Three tools of monetary policy: deposit reserve system, rediscount policy and open market business.

The specific operation methods of the three tools are as follows:

1. Deposit reserve system

refers to the deposits prepared by financial institutions in the central part of the bank to ensure customers to withdraw deposits and capital settlement. The deposit reserve ratio required by the central bank of the bank is the deposit reserve ratio.

2. rediscount policy

Redistribution refers to the transfer of unexpired bills obtained by commercial banks or other financial institutions to the middle of the bank. For banks and central China, rediscount refers to the purchase of commercial banks, the holding of bills, the outflow of real money and the expansion of money supply.

For commercial banks, rediscounting means selling discounted bills to solve the temporary shortage of funds. The whole process of rediscounting is actually the process of buying and selling bills and transferring funds between commercial banks and central banks.

3. Open market business

Open market business refers to the activities of central banks to adjust the money supply by buying or selling valuable securities that absorb the base currency. Unlike ordinary financial institutions, banks and the central government buy and sell securities not for profit, but to regulate the money supply.

expanding information

1. Characteristics of the three tools of monetary policy

1. The main advantage of rediscount business is that it helps the central bank to play the role of lender of last resort and can adjust the total amount and structure of money supply.

2. Open market operation has the following advantages: First, the central bank can operate in time, buy and sell valuable securities of any size, and accurately control the reserve currency and base currency of the banking system at a reasonable level. Second, the open market operation has no "notification effect" and will not cause misunderstanding and confusion. Third, the open market operation in the middle of the bank does not determine the rate of return or the interest rate of other securities, so it will not directly affect the bank's income.

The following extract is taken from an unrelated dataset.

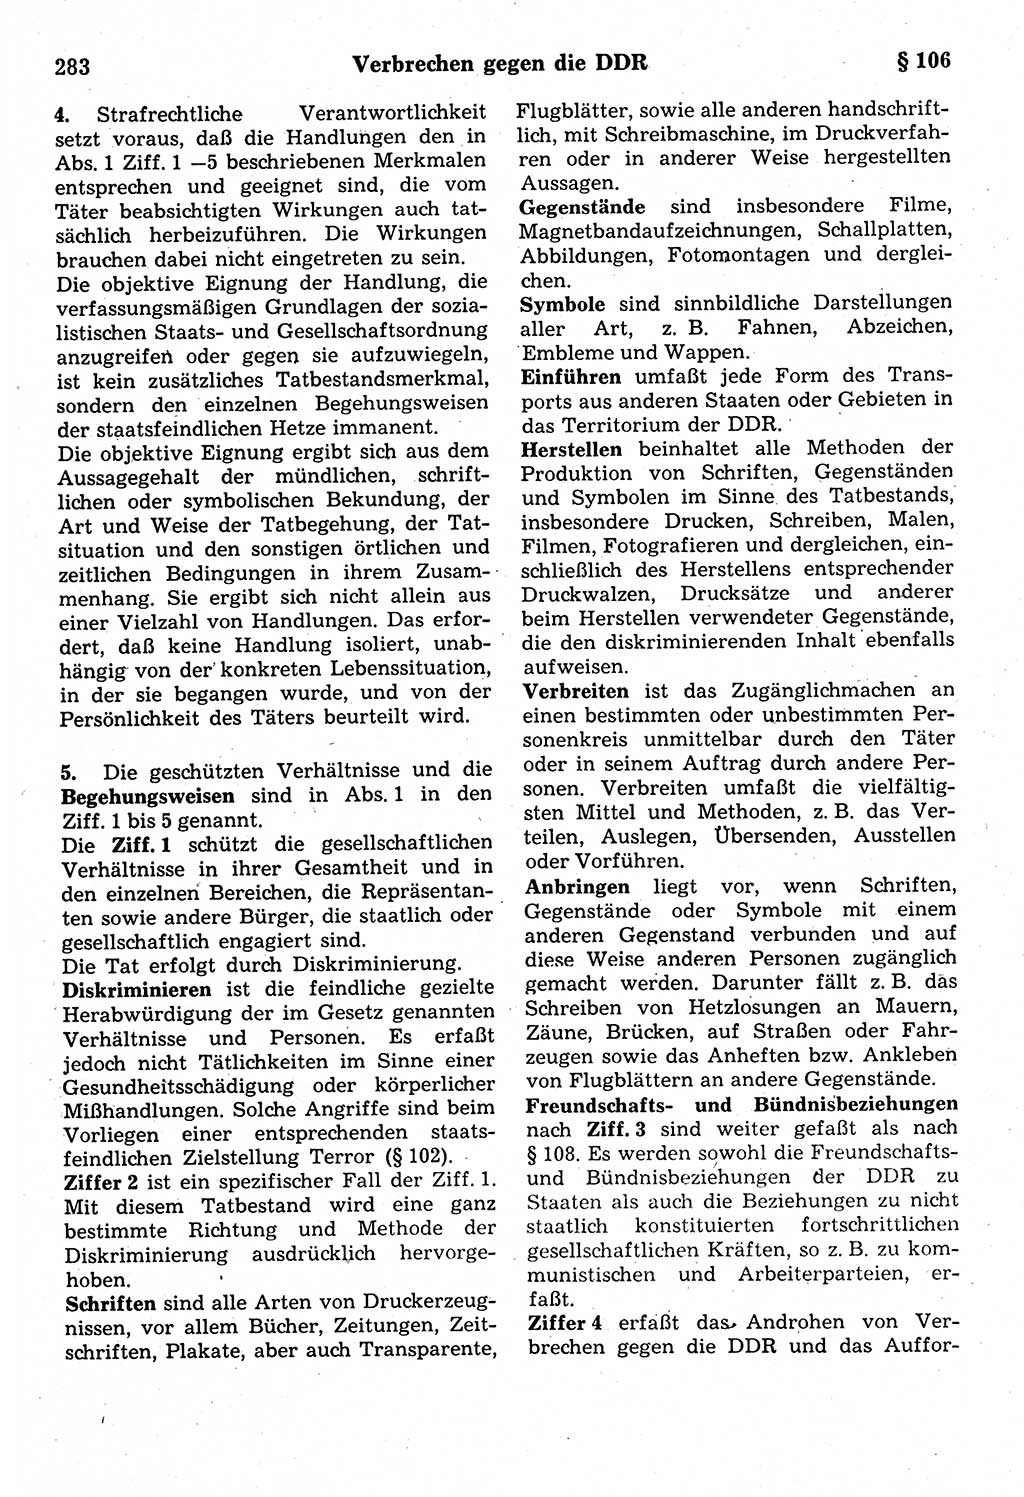 Strafrecht der Deutschen Demokratischen Republik (DDR), Kommentar zum Strafgesetzbuch (StGB) 1987, Seite 283 (Strafr. DDR Komm. StGB 1987, S. 283)

3. The disadvantages of the deposit reserve policy are: First, the effect is too great; Secondly, its policy effect is greatly influenced by the excess deposit reserve of commercial banks.

second, the role of the three major tools of monetary policy

statutory deposit reserve ratio: the central bank forces the deposits left by commercial banks not to lend. Raising or lowering the statutory reserve ratio will reduce or increase the loanable funds of banks, thus reducing or increasing the amount of money in the economy.

rediscount rate: the cost of borrowing from the central bank. If the rediscount rate is increased, the borrowing cost of commercial banks will increase, so they will increase their reserves to deal with emergencies such as customer withdrawals, so as to avoid borrowing from the central bank as much as possible. Increasing reserves means that the loanability of funds is reduced and the funds in the economy are reduced. So raising the rediscount rate will reduce the amount of money in the economy.

open market operation: first, the central bank sells its bonds to recover more economic funds; Second, the central bank printed money to buy bonds in the market, which increased the amount of money in the economy.